Anthony P. Conley, MD: There are 2 broad categories to how I look at innovation and sarcoma management. First, we have targeted therapies. These are essentially therapies that are chosen based on unique profiles of the individual patient. This is usually achieved through methods such as next-generation sequencing or, sometimes, other methods such as fusion testing.
This is important because while a patient may have leiomyosarcoma, there may be a unique genetic change within their leiomyosarcoma that could improve our ability to treat that particular patient, as opposed to just using general therapies without any molecular basis.
Molecular targeted therapies, such as those that inhibit NTRK (neurotrophic tyrosine kinase 1) fusions, have become important in recent months. It’s been shown that regardless of the histology, if a patient has a NTRK fusion, it appears that they’re much more likely to respond to therapy than if they did not have the NTRK fusion. This is similar to gastrointestinal stromal tumors, where it was found that the KIT mutation and drugs that blocked KIT-mutated tumors were paramount to the future success of this disease. I think it’s important that patients that have developed resistance to common therapies be offered options such as genetic sequencing, so that we can hopefully uncover other therapies for them.

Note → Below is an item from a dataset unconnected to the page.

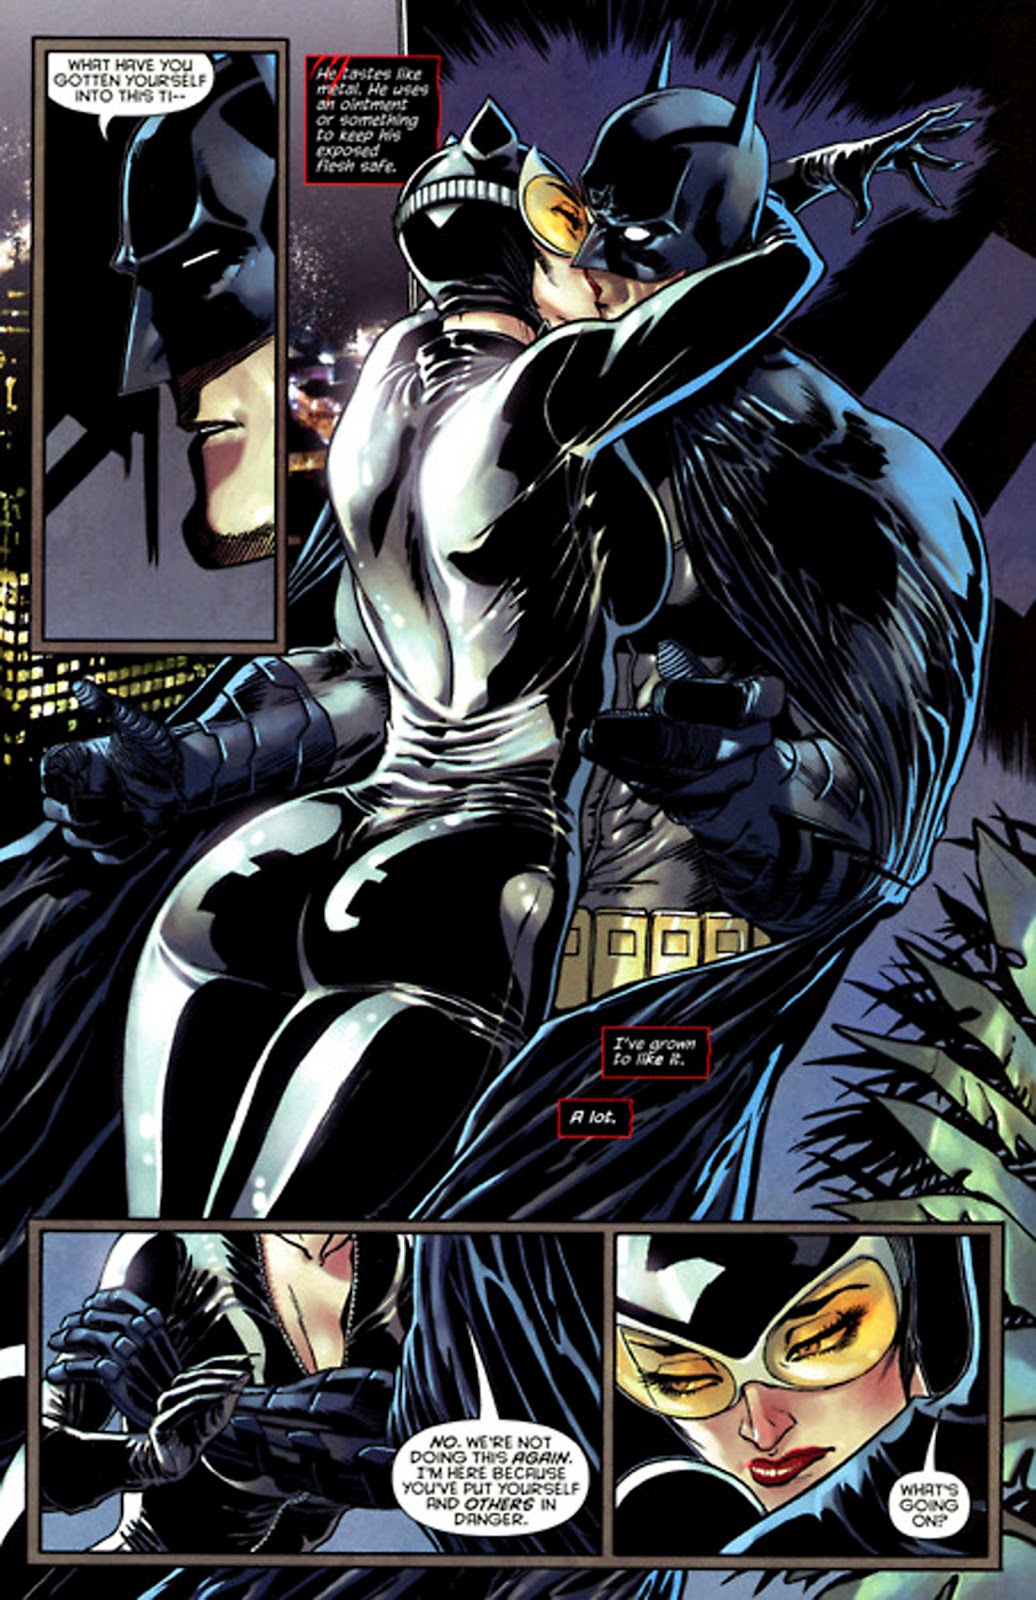 And Here Is Catwoman Ic Art By Guillem March Shown Below

Separate to this, the other broad category I think that’s of importance would be immunotherapies. It’s not a surprise that immunotherapy has impacted a number of different areas of oncology, especially with what we’ve seen in melanoma. Fortunately, there have been recent studies, such as SARC-28, which was recently published in a major journal, that show that certain types of sarcoma appear to respond well to medicines such as pembrolizumab. This is important because our second-line therapies and beyond often may have response rates as low as 9%. Pembrolizumab was shown to have response rates of around 18% to 19%. And in certain populations, such as patients with undifferentiated pleomorphic sarcoma, the response rates have appeared to be as high as 40%. This is providing us with tremendous new ways to treat our patients and hopefully extend and improve their quality of life.
The future treatment of sarcoma should involve both genetic sequencing of the tumor as well as a careful discussion regarding many types of therapies beyond standard therapies. While it’s important that we consider the usual types of therapies that have been well-studied with good evidence to support their use, we need to be able to think beyond that point, such as whether or not my patient may have a unique genetic mutation that will allow us to treat them in a way that may be less toxic and, perhaps, more beneficial to them. Also, we should learn more about the patient’s fusion profile.
Just as we’re doing genetic sequencing, I see, in the future, that we will likely also be doing testing that allows us to understand whether or not a patient may be a better candidate for immunotherapy. In the future, we need to do a better job of incorporating molecular testing for targeted purposes, but also for immunotherapeutic purposes, as well.